For these reasons as more fully explained herein, the Court will grant the Debtors’ motion to approve the loan modification and deny the Trustee’s motion for an upward plan modification.

FACTS

The Debtors filed a joint chapter 13 petition on June 12, 2008. On October 23, 2008, the Debtors’ second amended chapter 13 plan, dated October 14, 2008, was confirmed (“Plan”). Among other things, the Plan provides that “[t]he future earnings of the debtor are submitted to the supervision and control of the trustee”, and the Debtors make plan payments of $1,200 per month from July 12, 2008 through October 12, 2008; $1,420 per month from November 12, 2008 through December 12, 2012; and $2,200 per month from January 12, 2013 through June 12, 2013. These payments were calculated to provide a pro rata distribution of not less than 20% to the Debtors’ unsecured creditors.

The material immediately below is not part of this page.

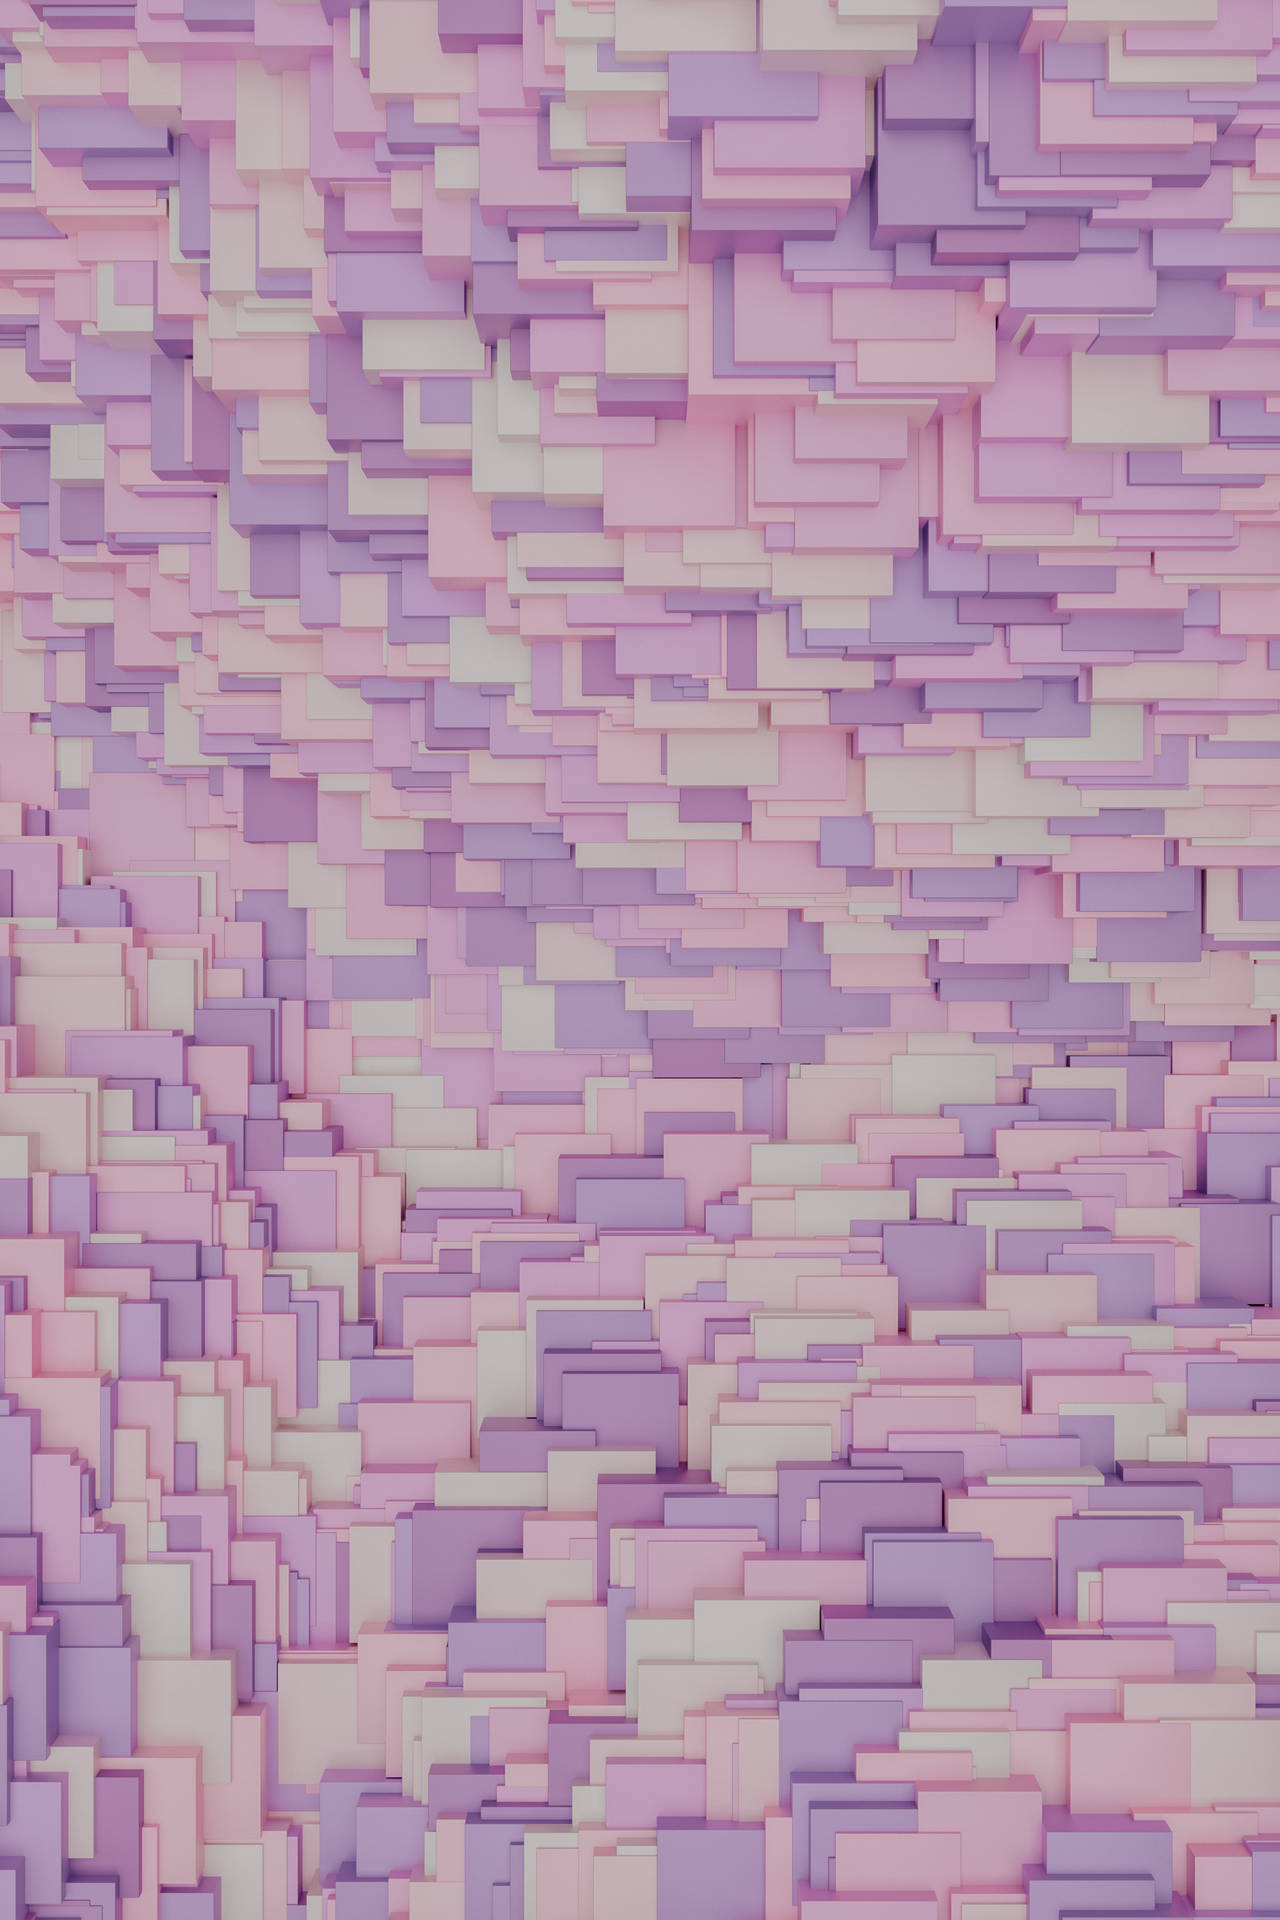 Lavender Aesthetic 3d Blocks Texture Wallpaper
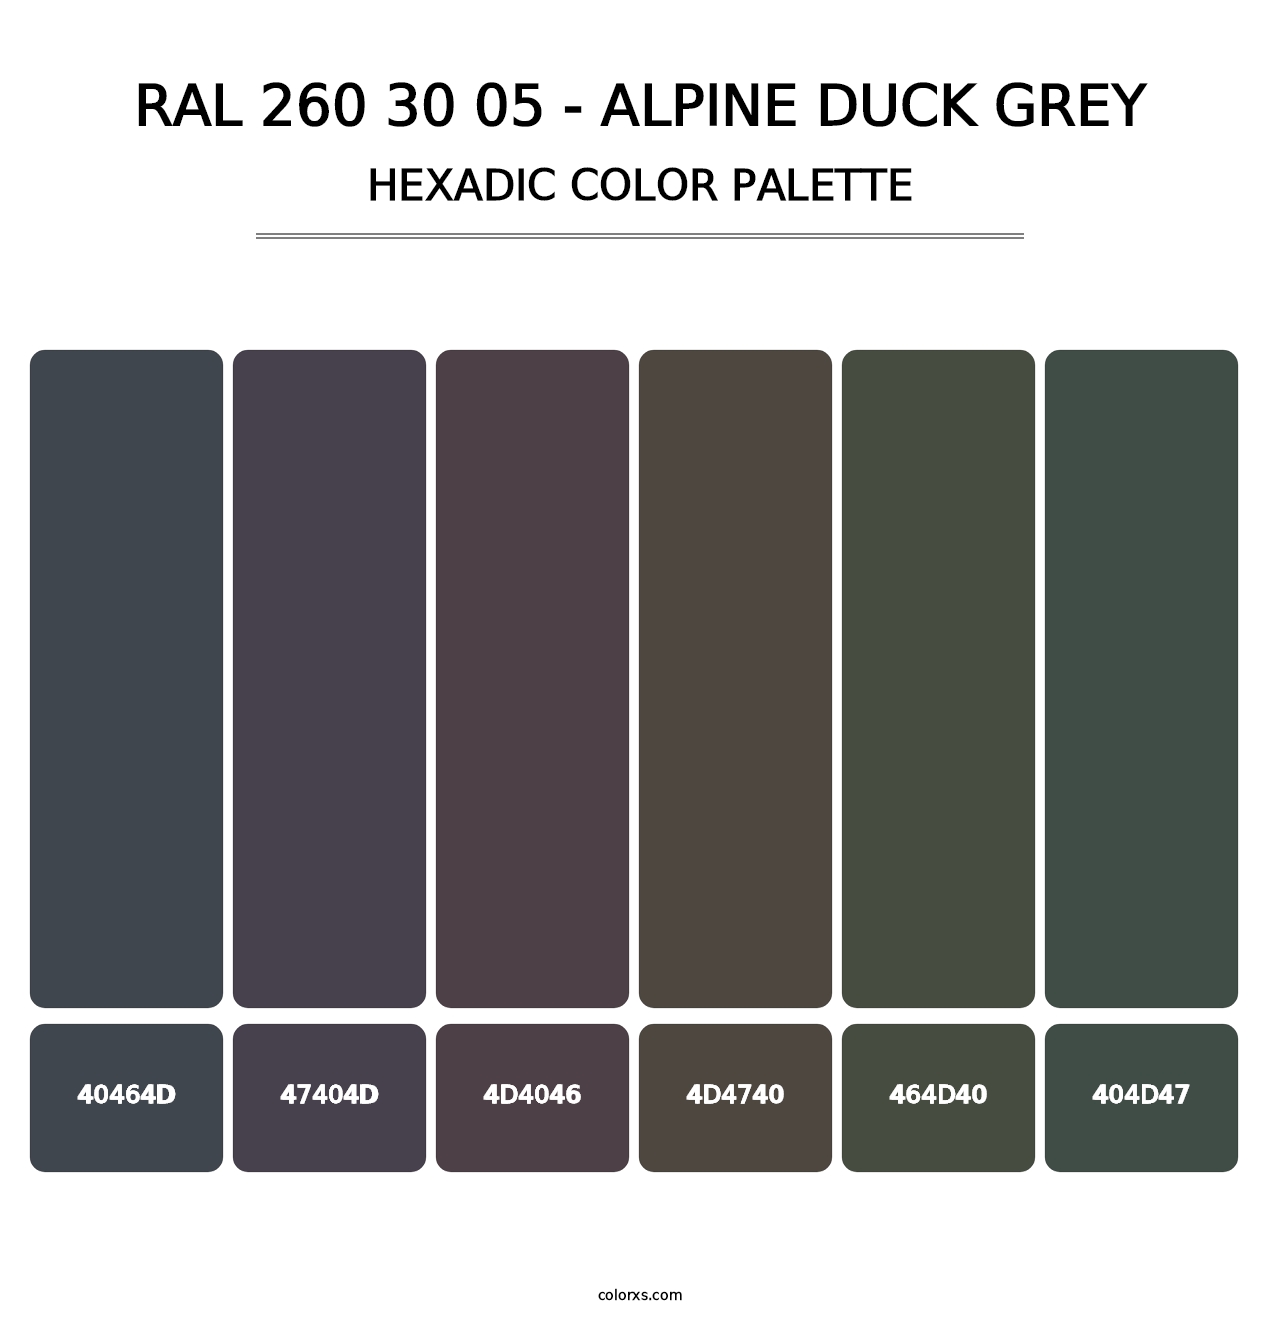 RAL 260 30 05 - Alpine Duck Grey - Hexadic Color Palette

On March 16, 2009, the Debtors sought to modify the confirmed Plan downward based on the loss of income by the Debtor, Lisa Salpietro. The proposed amended plan sought to reduce the Debtors’ plan payments from $1,420 to $1,012 commencing with the March 12, 2009 payment through December 12, 2012, and reduce the payment from $2,200 to $1,792 for the period January 12, 2013 through June 12, 2013. These reduced payments would result in a reduction of the minimum to be paid to unsecured creditors from 20% to 10%. The Debtors’ proposed amended plan (“Amended Plan”) was approved, without opposition, by Order of this Court, dated May 14, 2009. The Amended Plan, like the original plan, provided that the Debtors’ future earnings be “submitted to the supervision and control of the trustee.”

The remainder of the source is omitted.